#### [Assignment]
Go through the listing below and retype exactly the lines starting at the one with "Package forwarding Forbesganj to Maharashtra" and ending at the one with "کفش مردانه کرمانی", skipping pictures.

#### [Provided records]
§

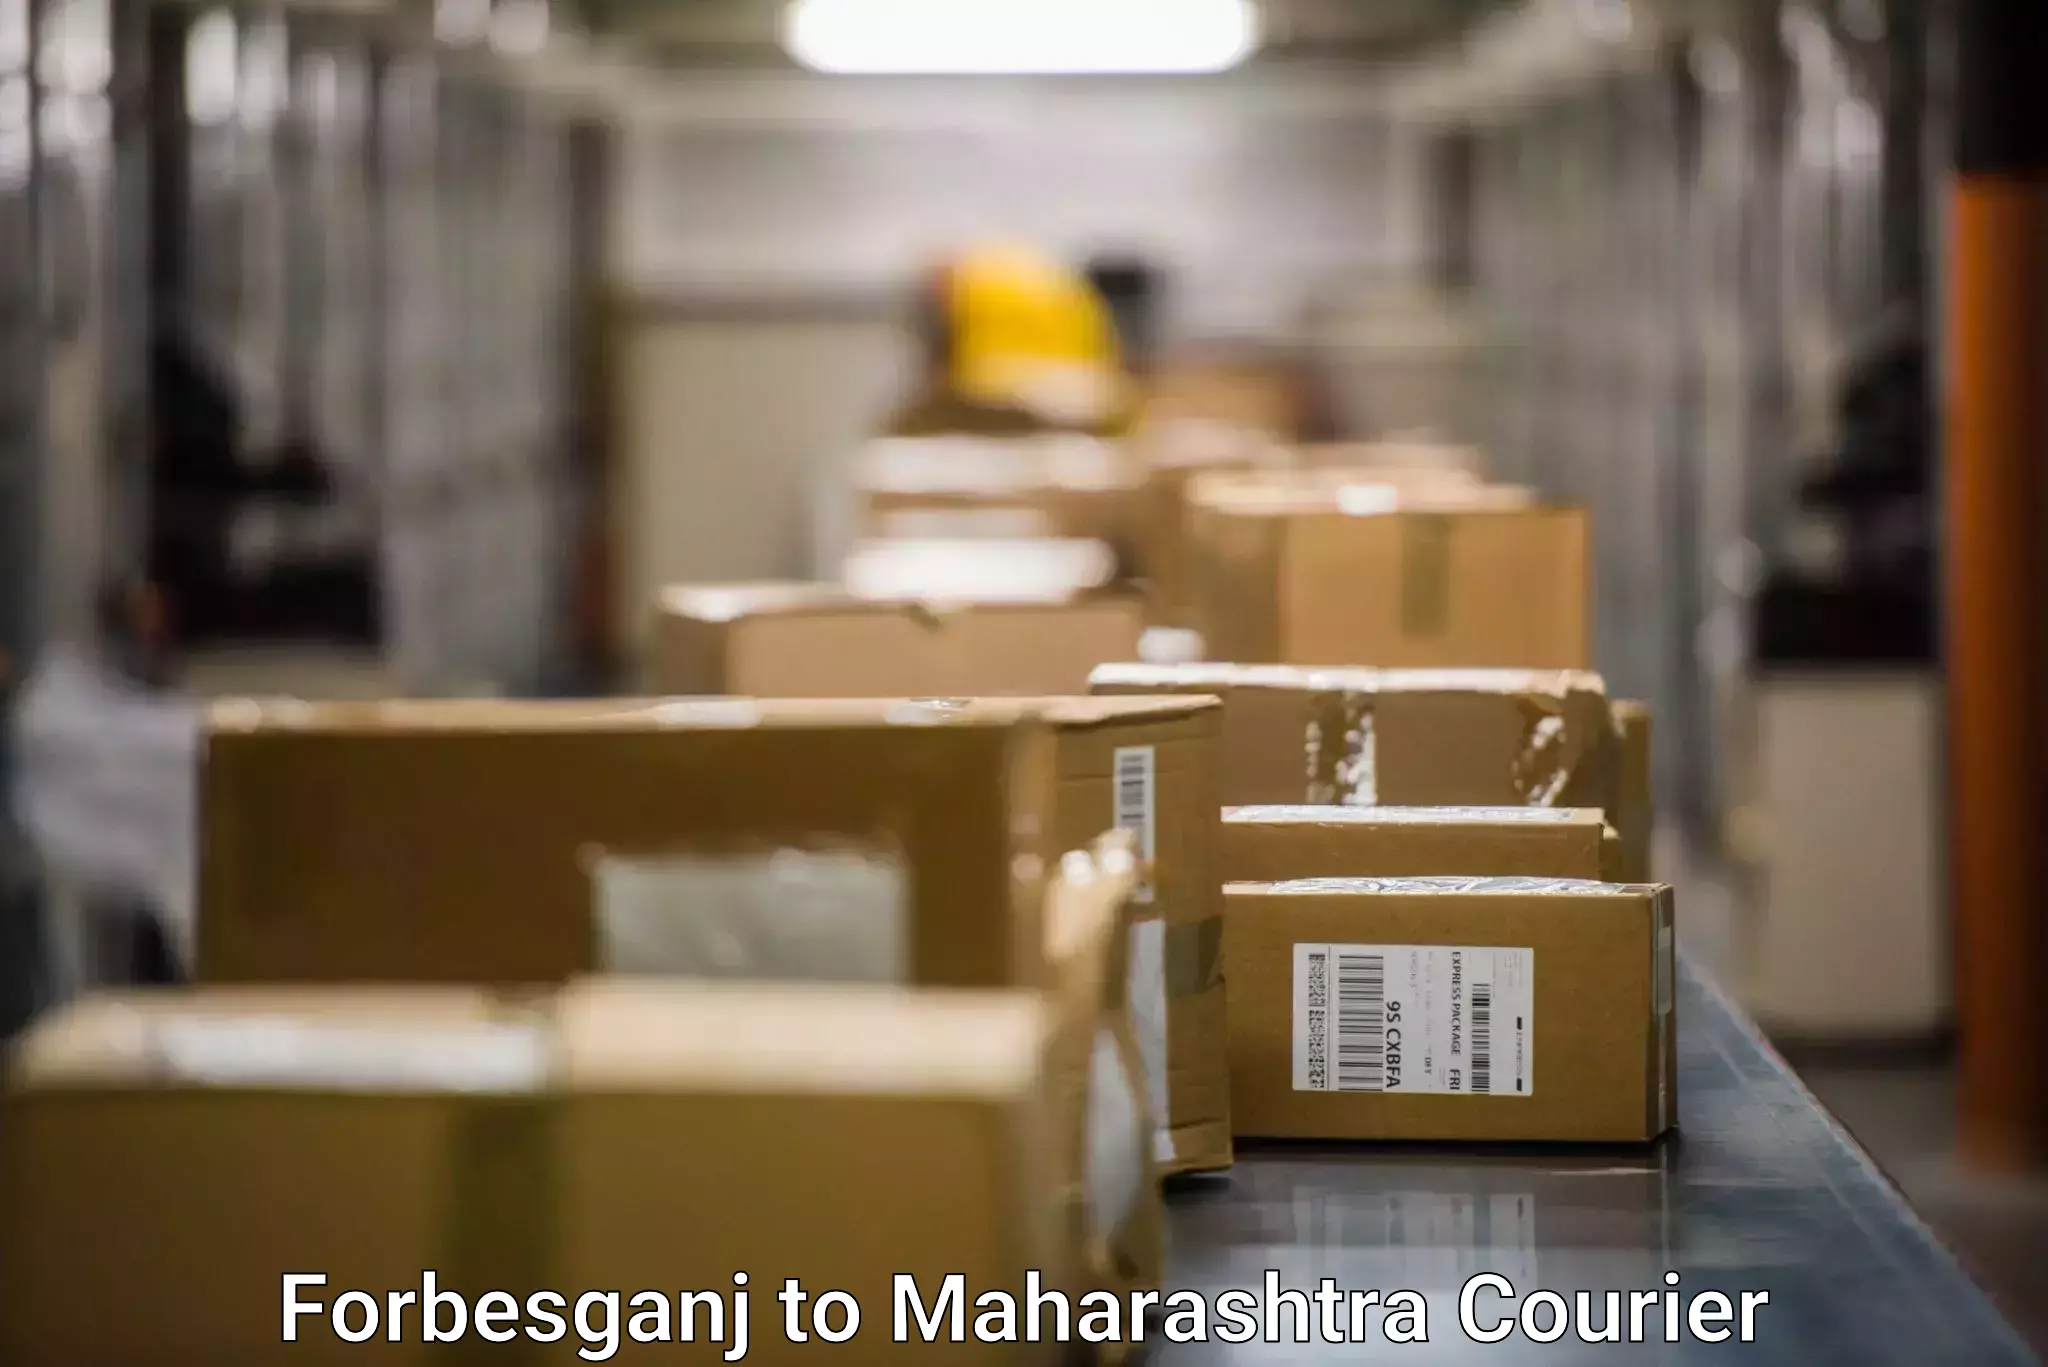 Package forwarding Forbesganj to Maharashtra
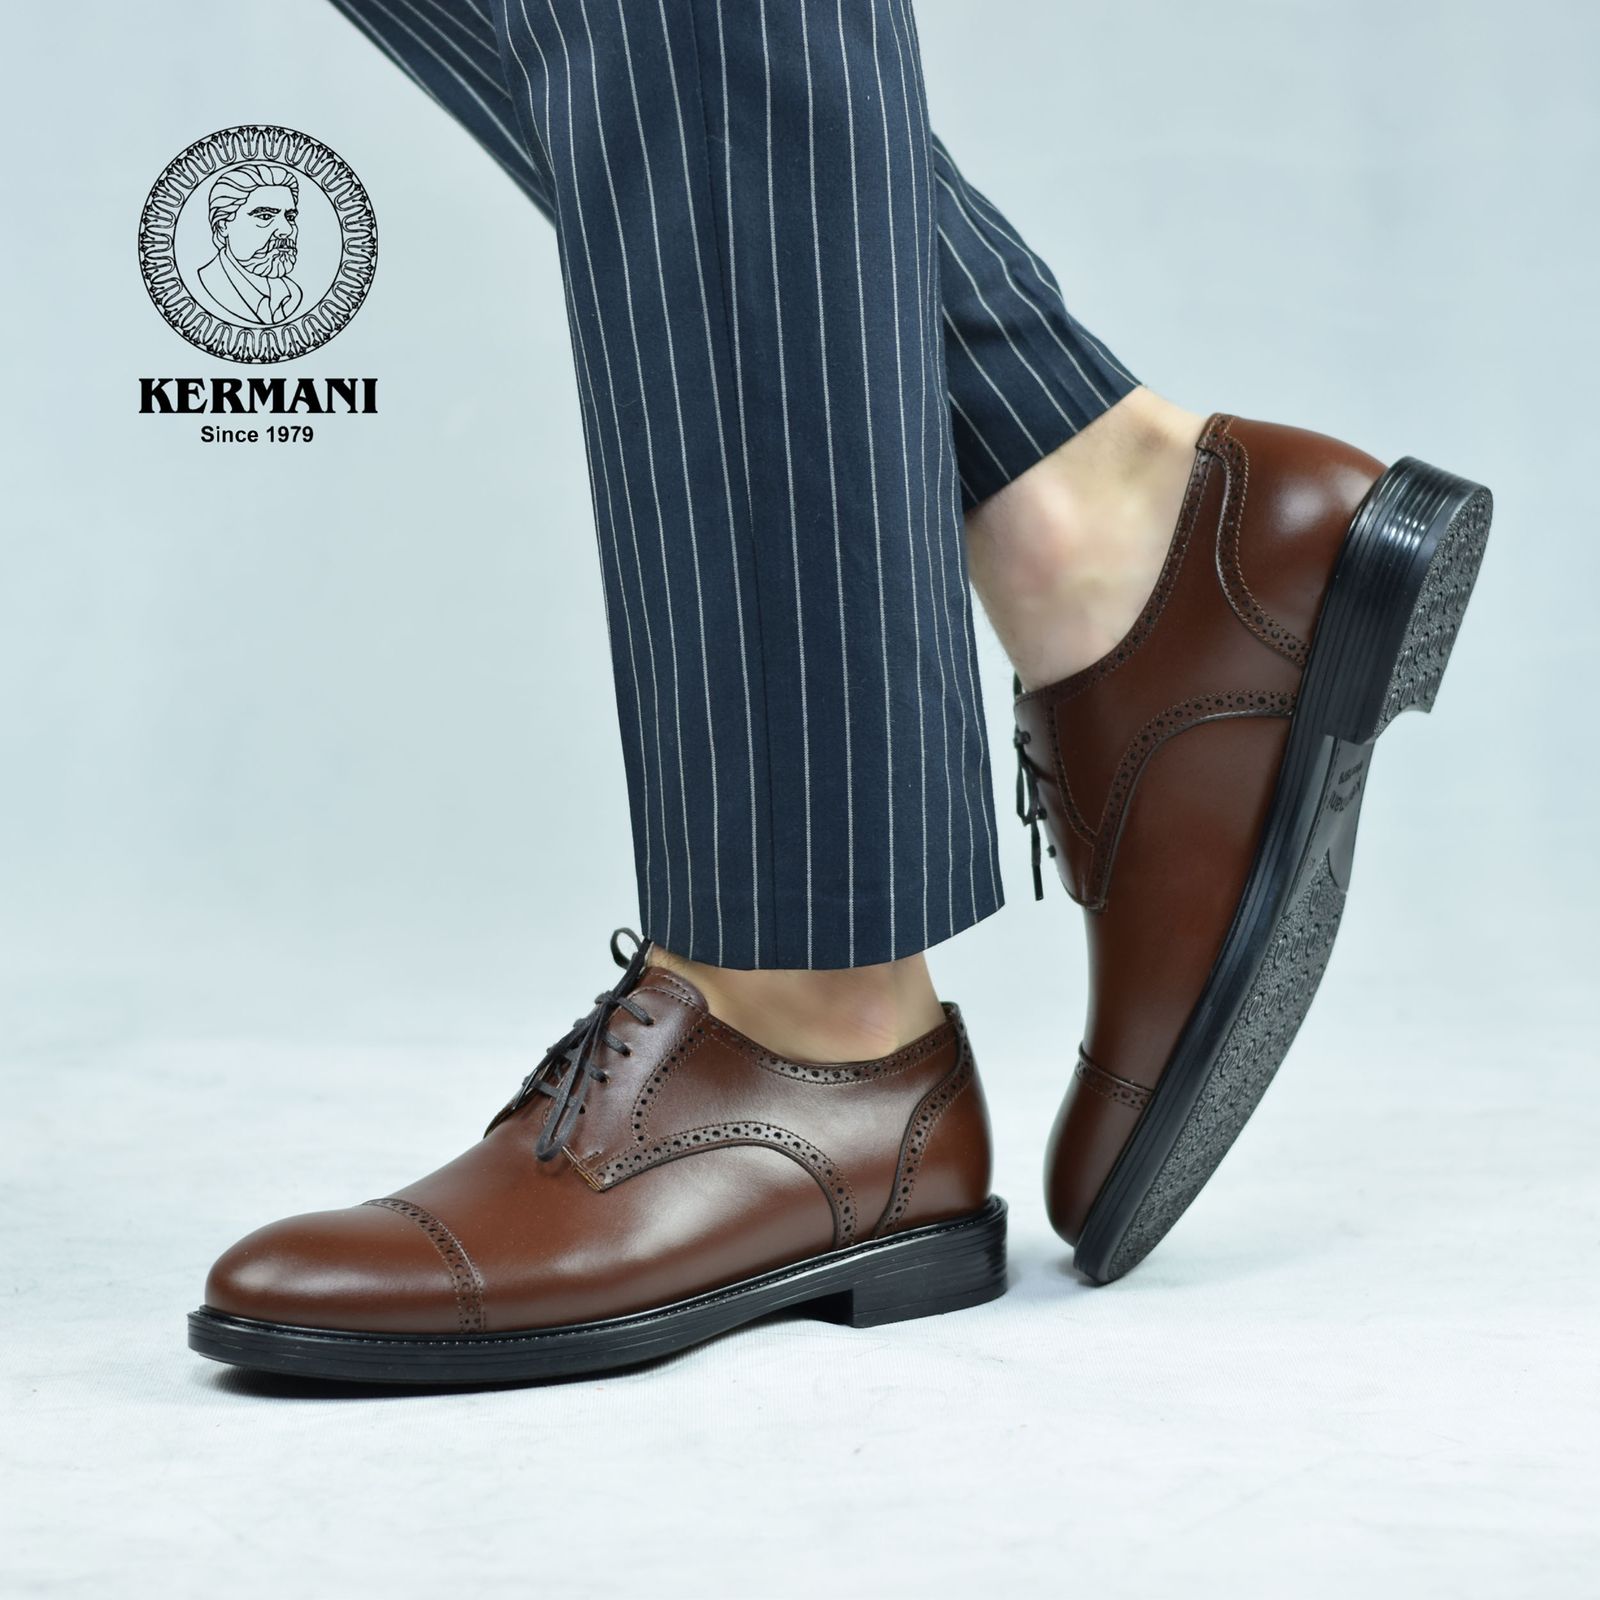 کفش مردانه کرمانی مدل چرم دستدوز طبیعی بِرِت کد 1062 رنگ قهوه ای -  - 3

§

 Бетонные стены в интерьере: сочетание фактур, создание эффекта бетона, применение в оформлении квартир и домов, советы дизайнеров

§

#### [Task result]
 Package forwarding Forbesganj to Maharashtra
 کفش مردانه کرمانی مدل چرم دستدوز طبیعی بِرِت کد 1062 رنگ قهوه ای -  - 3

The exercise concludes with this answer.